| Exercise description |
In the entries below, find the line with "Miss Beauté Noire" and the line with "البرلمان التركي يقر"; copy them and every line between them exactly, but not the pictures.

| Source material |
------------------------------------------------------------------------
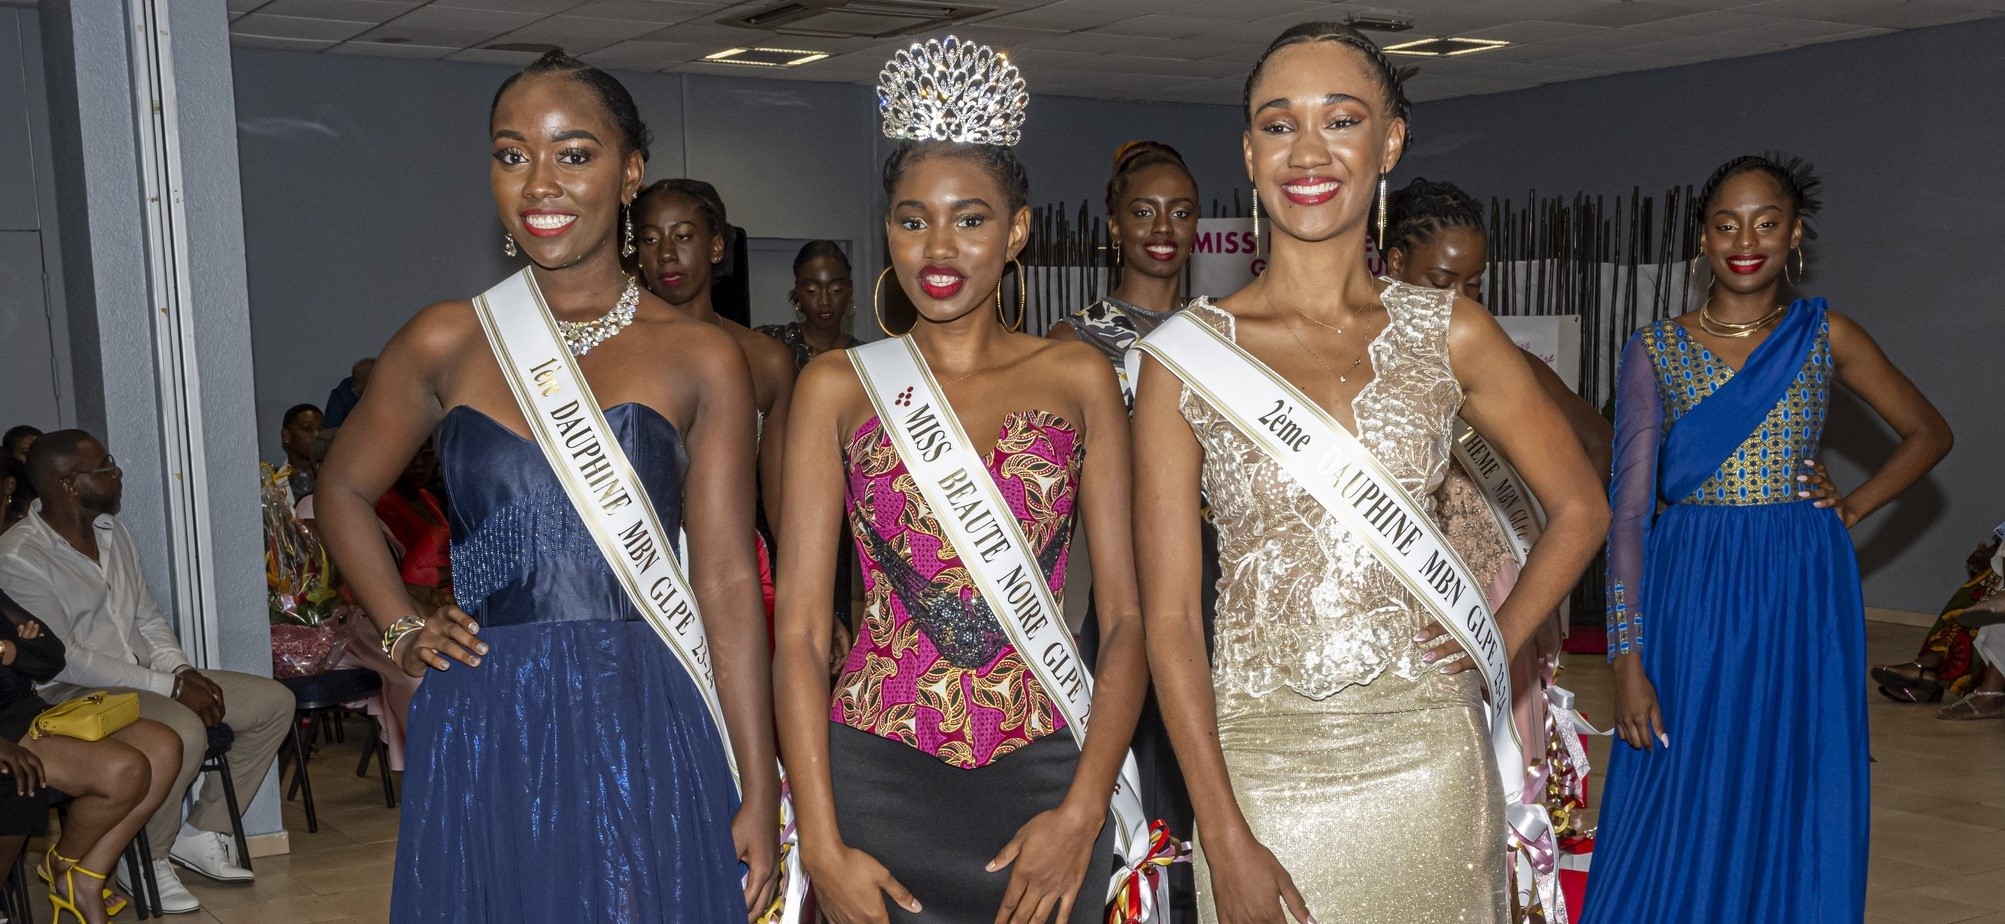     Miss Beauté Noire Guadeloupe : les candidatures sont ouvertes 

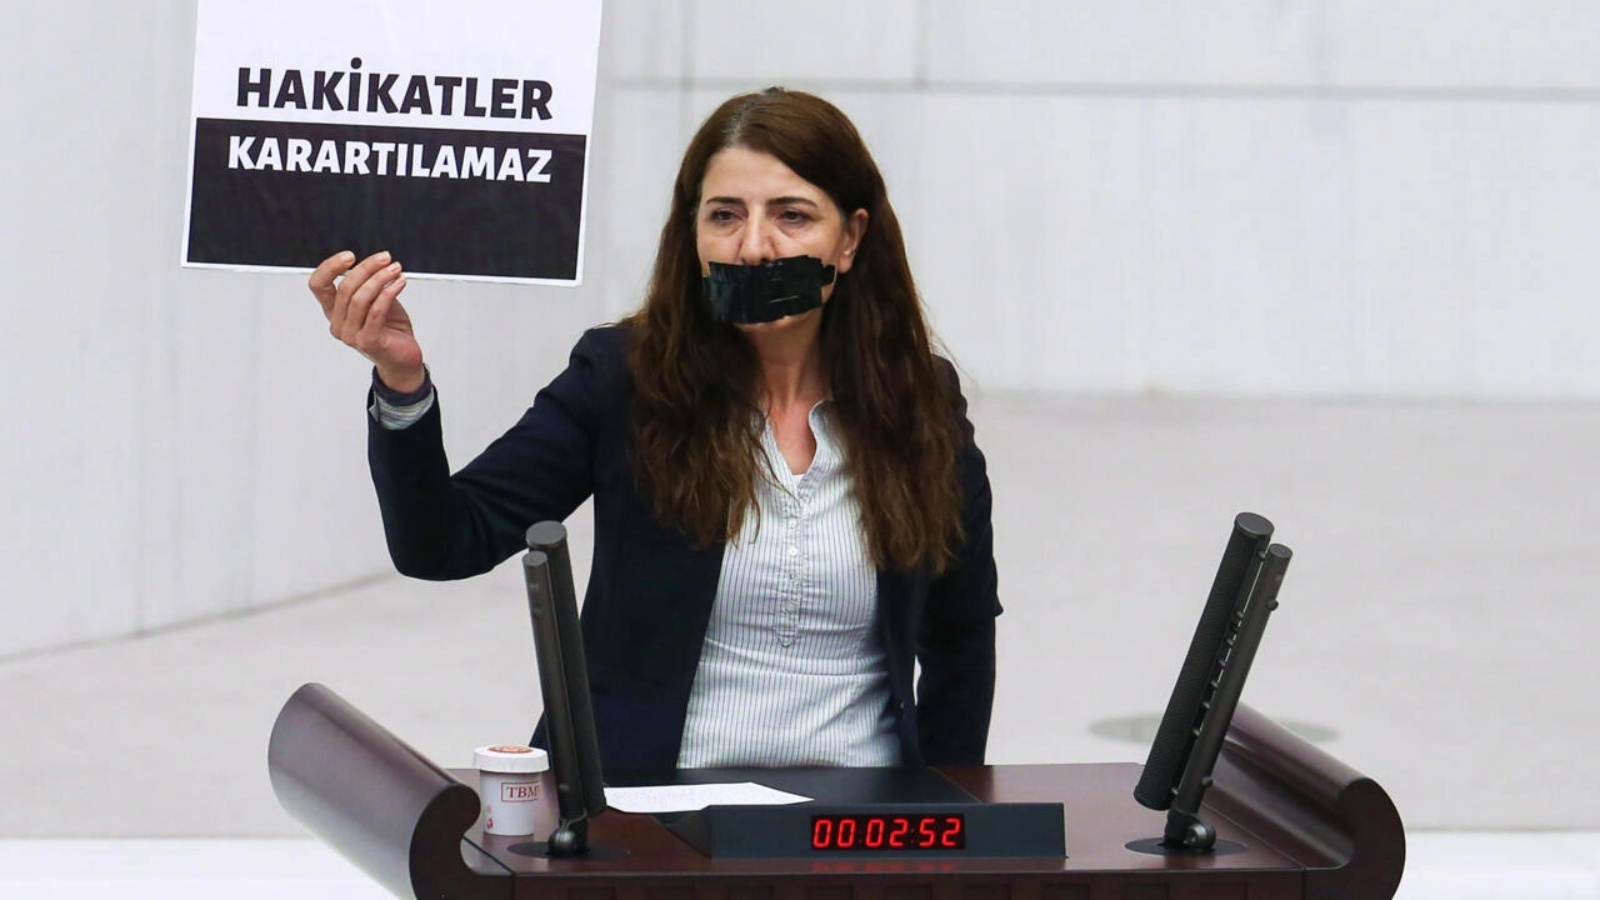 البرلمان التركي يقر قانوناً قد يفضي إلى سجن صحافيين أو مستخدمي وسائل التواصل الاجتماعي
------------------------------------------------------------------------
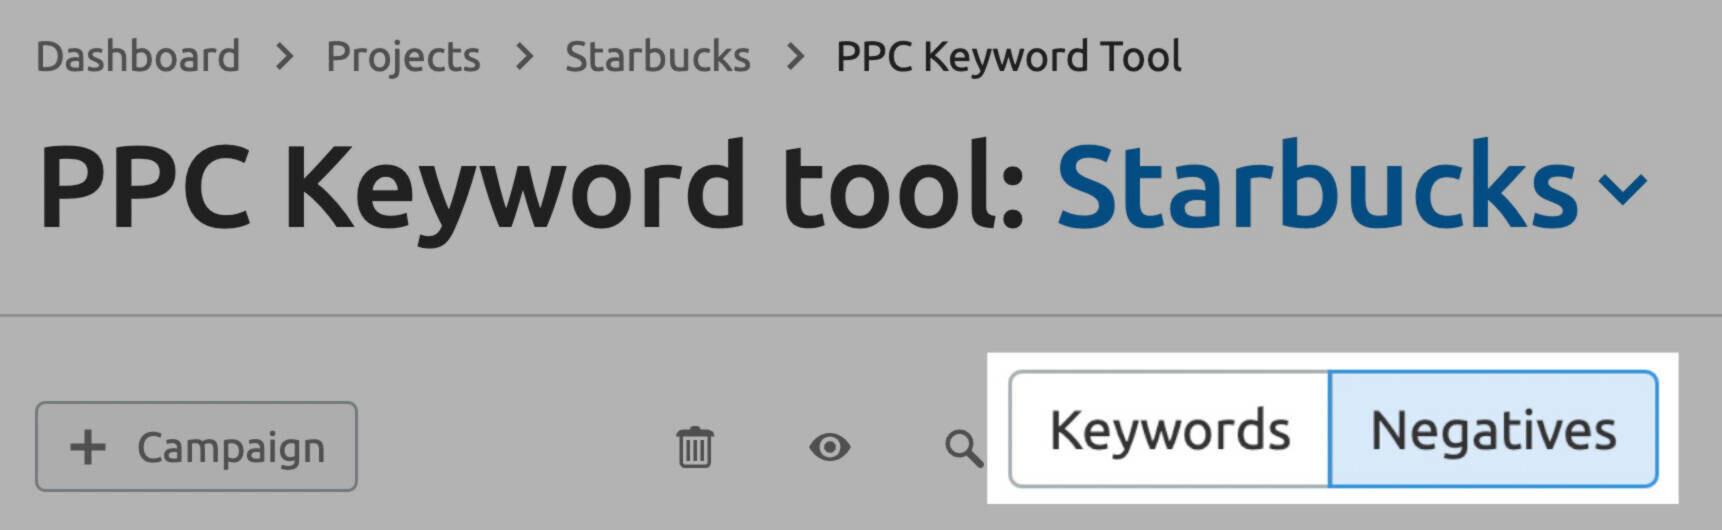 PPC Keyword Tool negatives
------------------------------------------------------------------------
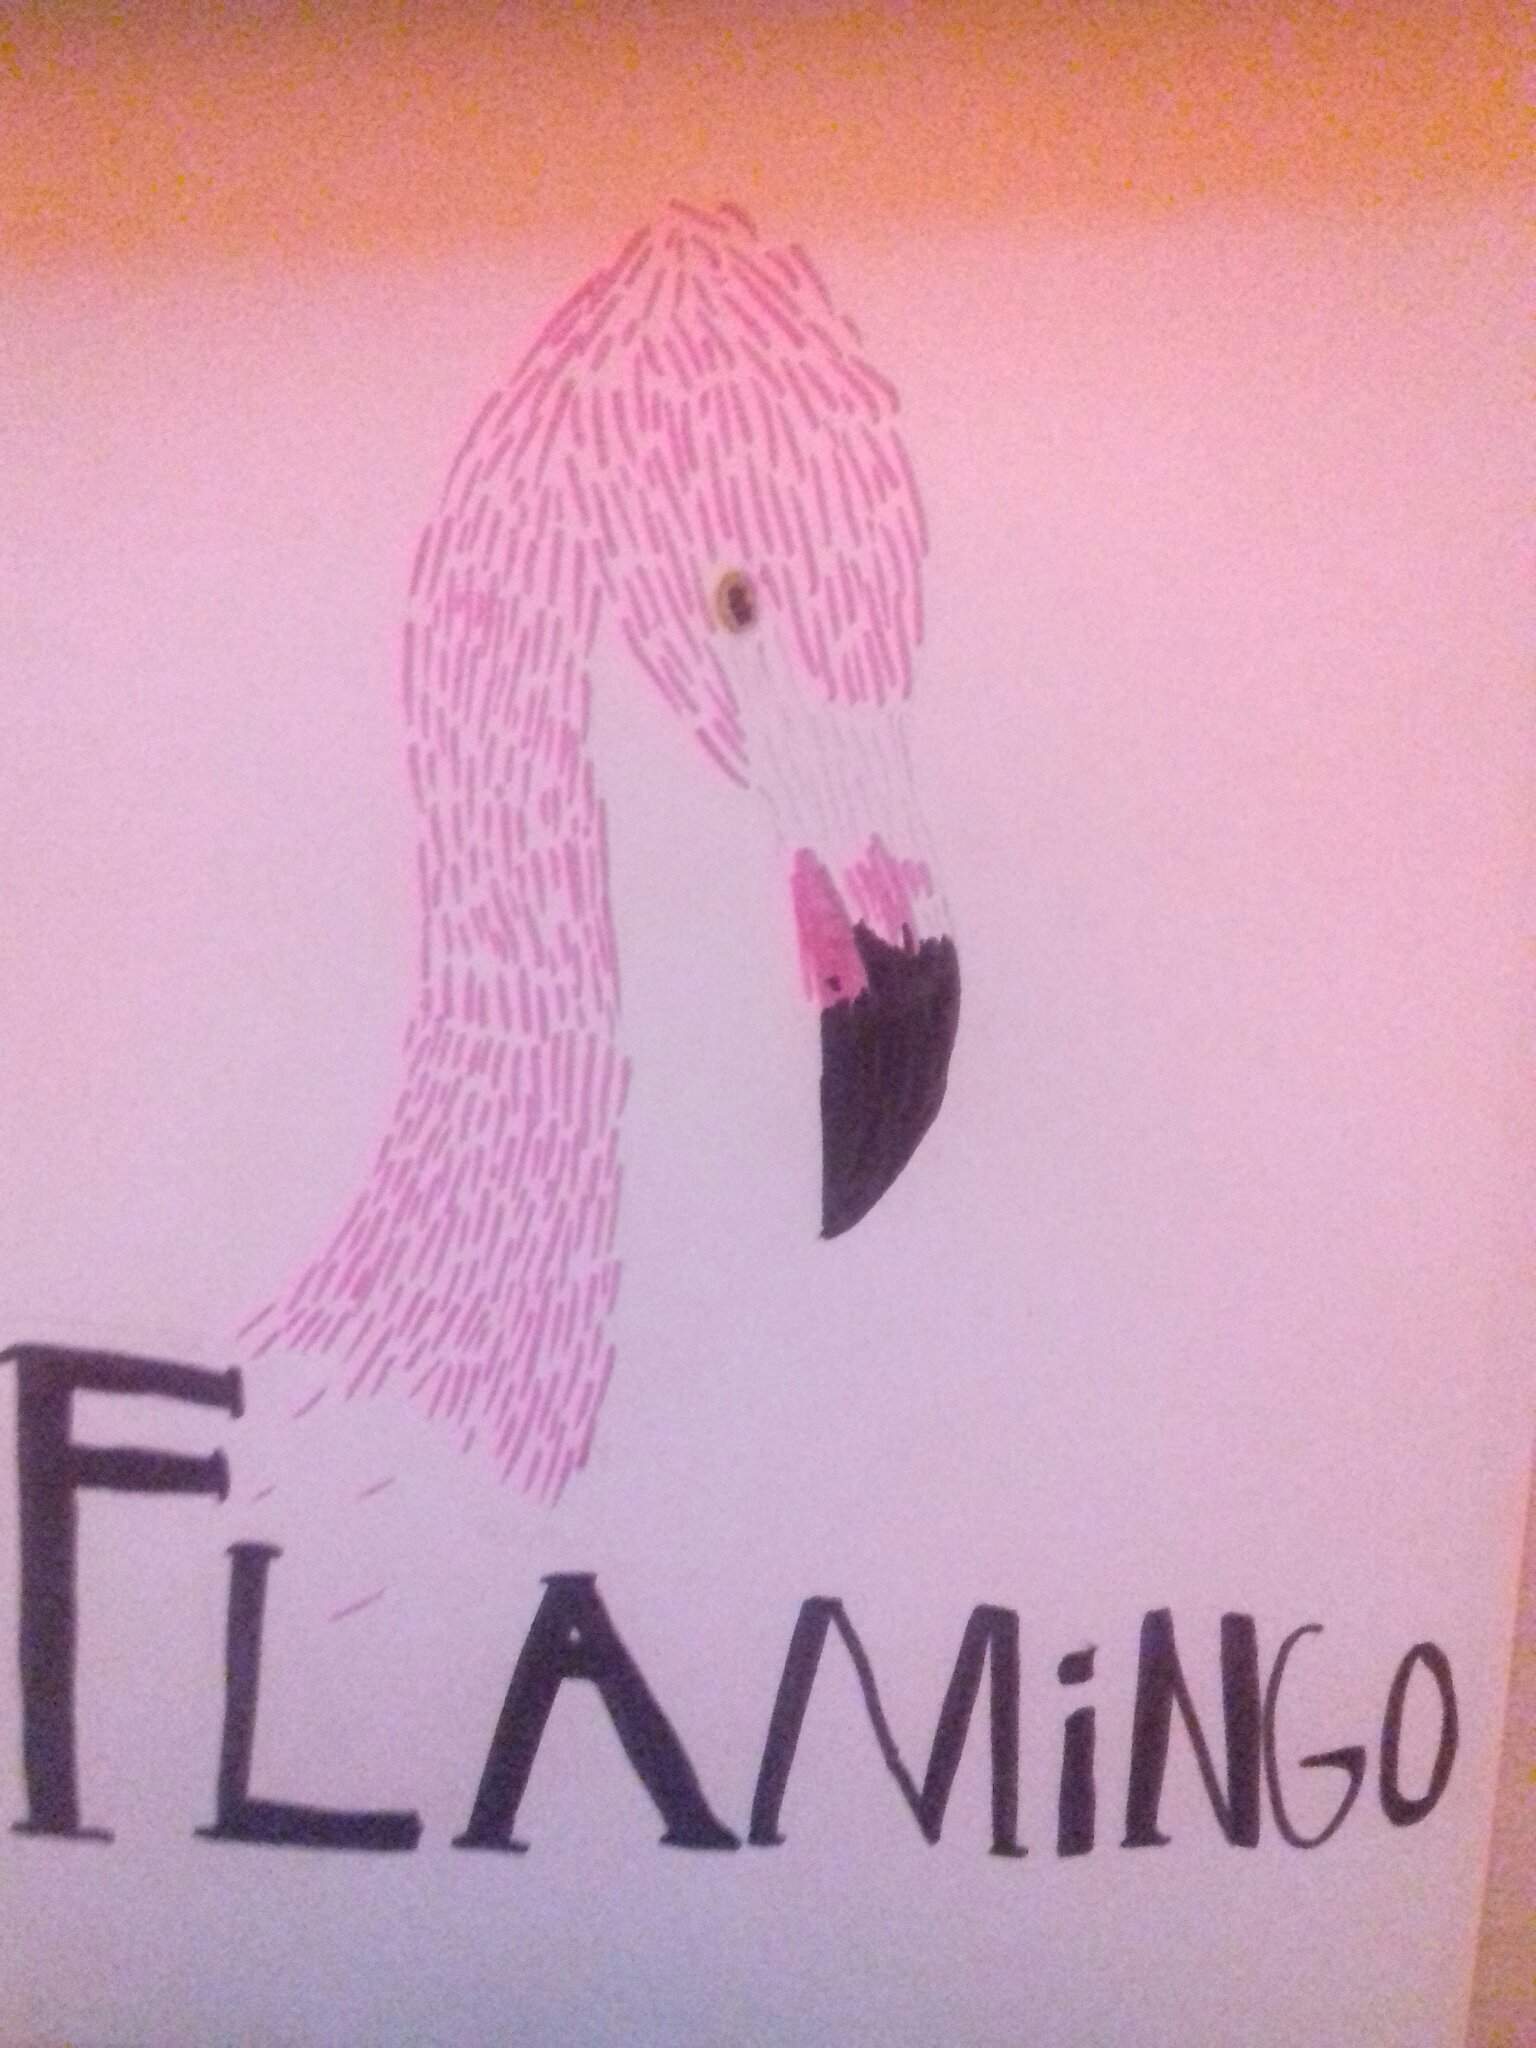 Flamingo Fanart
------------------------------------------------------------------------
| Expected answer |
     Miss Beauté Noire Guadeloupe : les candidatures sont ouvertes 

 البرلمان التركي يقر قانوناً قد يفضي إلى سجن صحافيين أو مستخدمي وسائل التواصل الاجتماعي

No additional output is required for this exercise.